MySQL optimization of huge table

mysqloptimization

提问by lordstyx

I've been trying to get some speed improvements on a certain SELECT query. The situation is as follows: There is a (in my eyes) huge crossing table. It currently has about 20 million rows, but I expect this to grow alot. Based on this crossing table I need to create another table. To do so, I need to execute the following query:

我一直在尝试对某个 SELECT 查询进行一些速度改进。情况如下:有一个(在我眼中)巨大的交叉表。它目前有大约 2000 万行,但我预计这会增长很多。基于这个交叉表,我需要创建另一个表。为此,我需要执行以下查询:

SELECT hugeCrossingTable.field3, otherTable.field1, hugeCrossingTable.field2 * otherTable.field3 AS someName
FROM hugeCrossingTable 
INNER JOIN otherTable ON hugeCrossingTable.field1 = otherTable.field2

Now this currently results in about a million rows. I already have indexes on both the field1 in the 2 tables, but it still takes 18 minutes to finish.. I thought about splitting the table, but then I'd need to find a way on how to split the data, and since it's just a crossing table nothing comes to mind on how to do this.
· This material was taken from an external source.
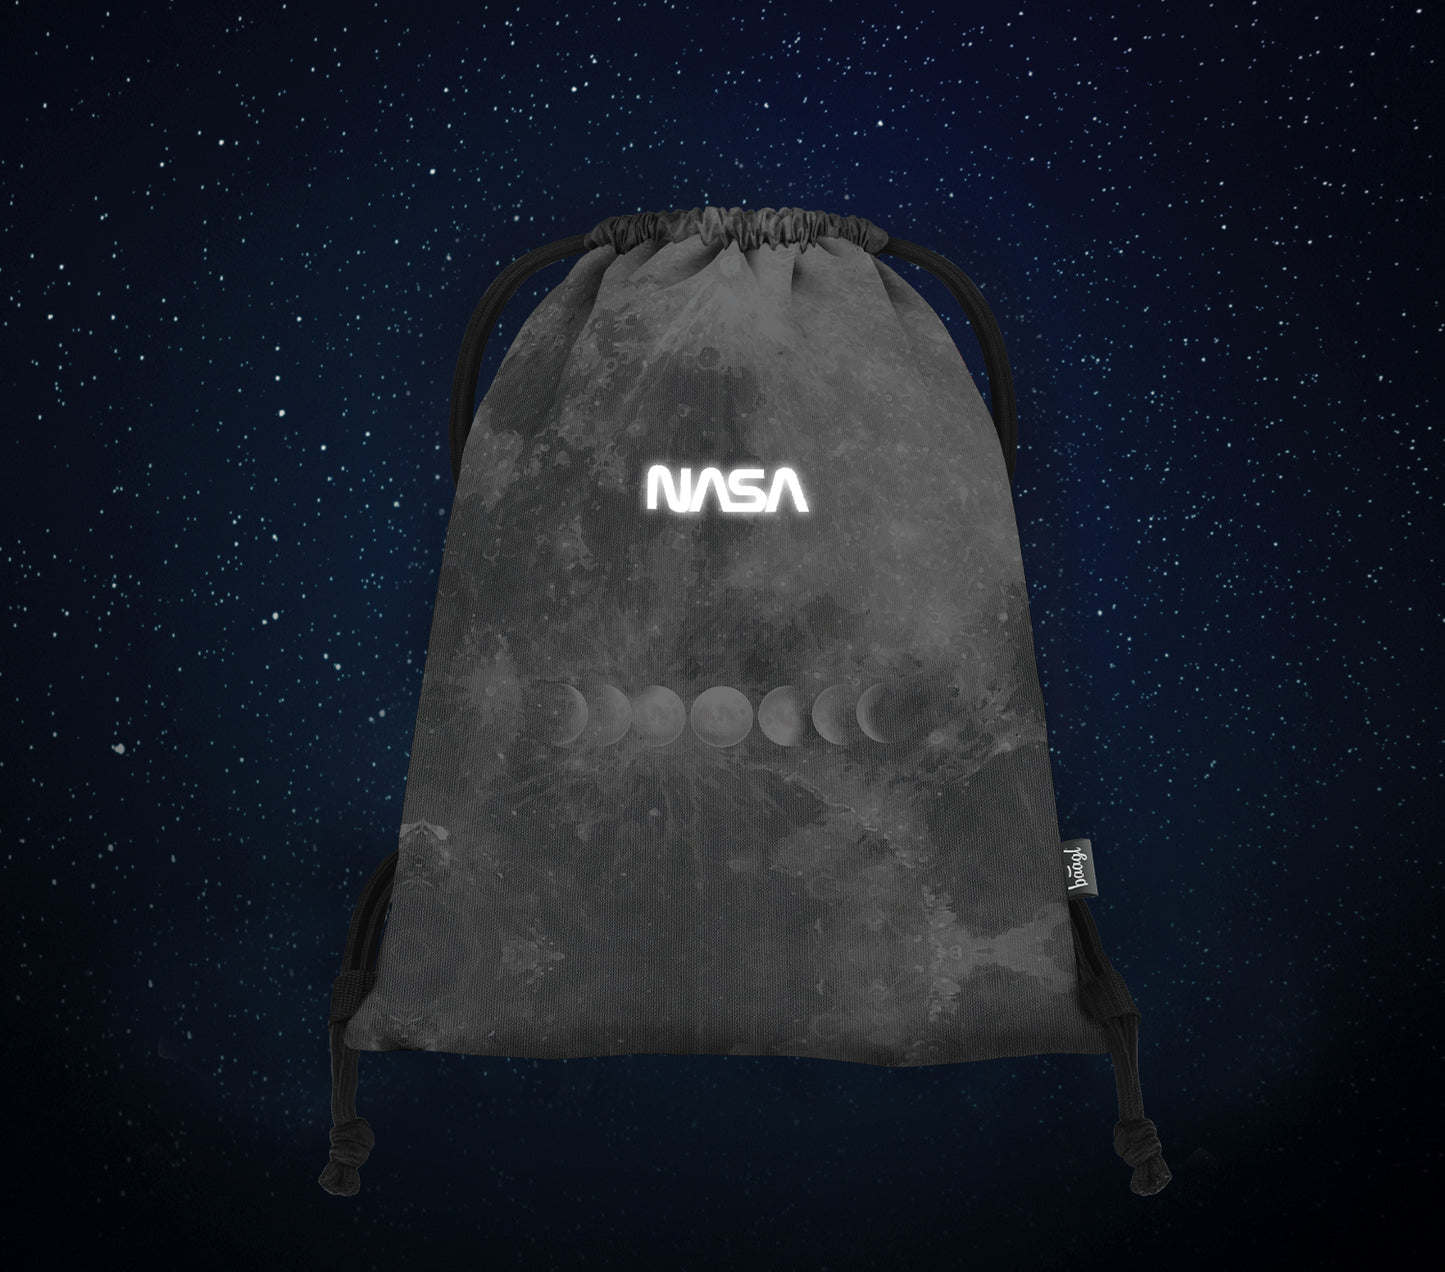 Vrecko NASA Grey
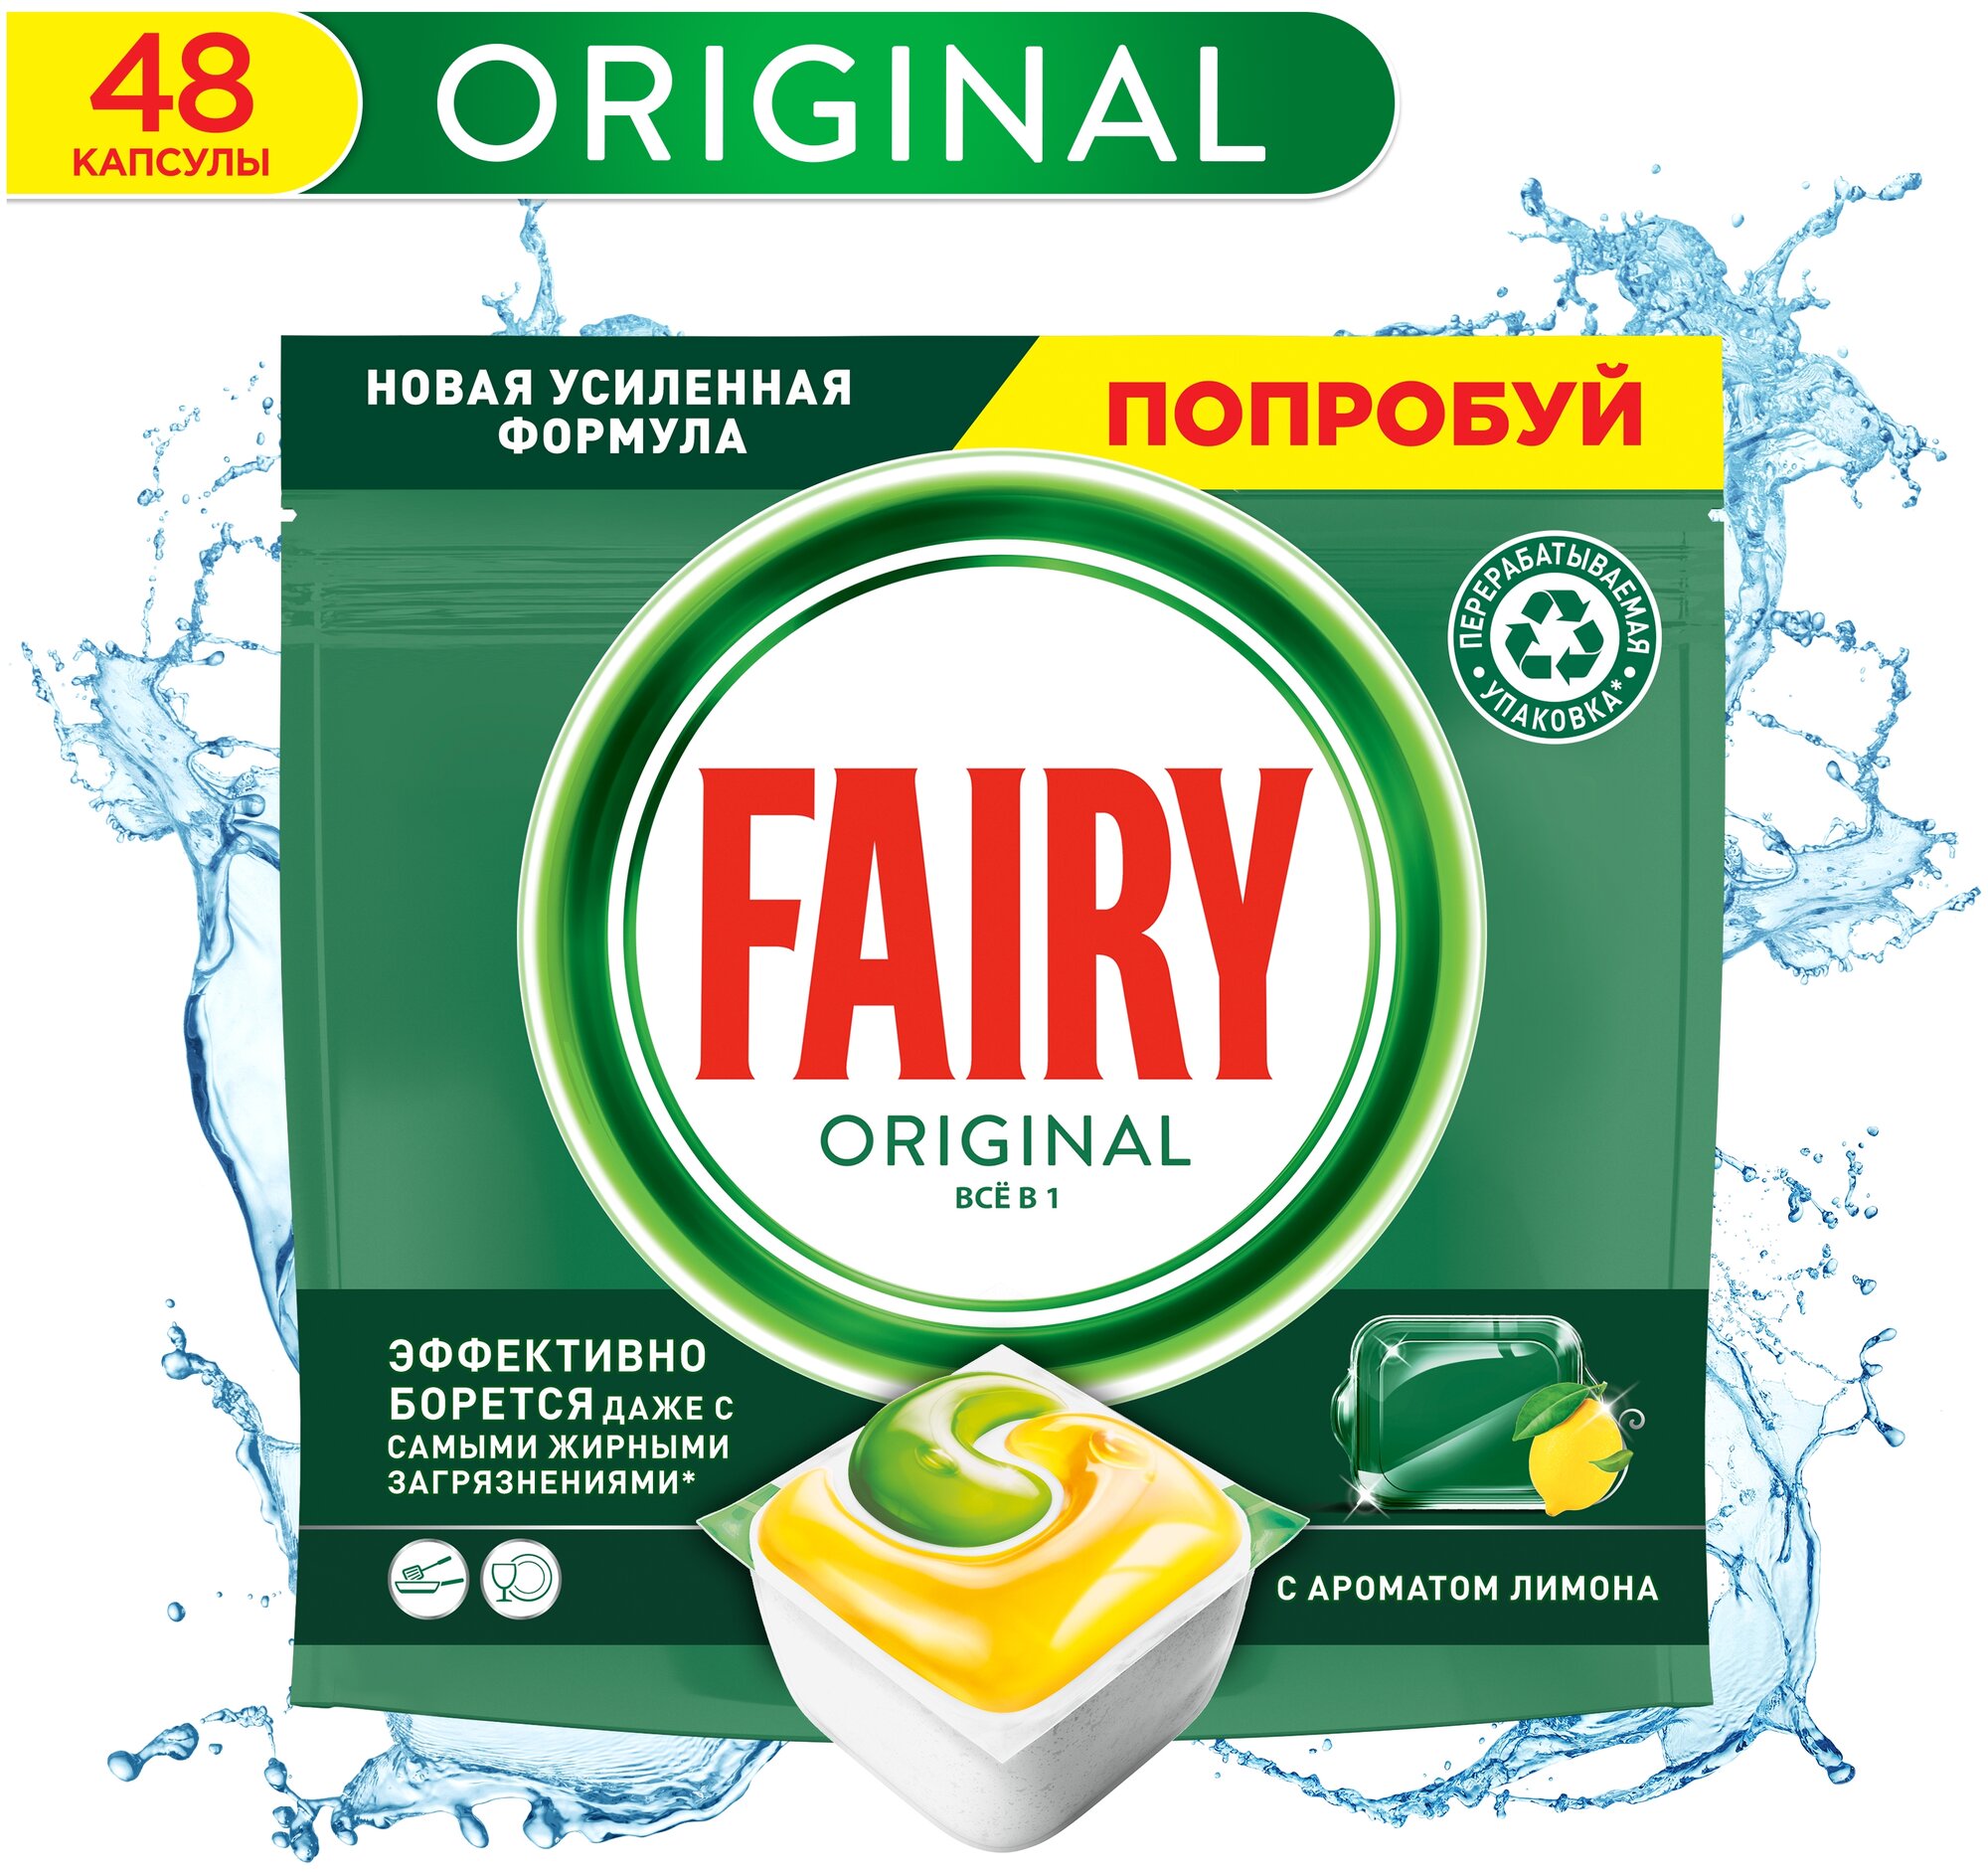 Капсулы для посудомоечной машины Fairy Original All in 1 капсулы (лимон), 48 шт. - фотография № 1

现在这目前导致大约一百万行。我已经在 2 个表中的两个 field1 上都有索引,但它仍然需要 18 分钟才能完成。只是一个交叉表没有想到如何做到这一点。

Any ideas on how this can be optimized?

关于如何优化的任何想法?

Thanks.

谢谢。

On request here's the create statement:

根据要求,这里是 create 语句:

CREATE TABLE  `hugeCrossingTable` (
  `field` int(11) NOT NULL,
  `field1` int(11) NOT NULL,
  `field2` double(10,5) DEFAULT NULL,
  `field3` int(4) DEFAULT NULL,
  KEY `field1` (`field1`)
) ENGINE=InnoDB DEFAULT CHARSET=latin1;

CREATE TABLE  `otherTable` (
  `field` int(10) unsigned NOT NULL AUTO_INCREMENT,
  `field1` int(10) unsigned NOT NULL,
  `field2` int(10) unsigned NOT NULL,
  `field3` decimal(5,2) NOT NULL,
  PRIMARY KEY (`field`)
) ENGINE=InnoDB AUTO_INCREMENT=1 DEFAULT CHARSET=latin1;

And the explain output:

和解释输出:

id, select_type, table              , type , possible_keys, key     , key_len, ref                , rows, Extra
1 , 'SIMPLE'   , 'otherTable'       , 'ALL', ''           , ''      , ''     , ''                 , 294 , ''
1 , 'SIMPLE'   , 'hugeCrossingTable', 'ref', 'field1'     , 'field1', '4'    , 'otherTable.field2', 69  , 'Using where'

回答by Jon Black

Here are some innodb examples that work on large tables of approx. 60 to 500 million rows that demonstrate the advantages of a well designed innodb table and how best to use clustered indexes (only available with innodb)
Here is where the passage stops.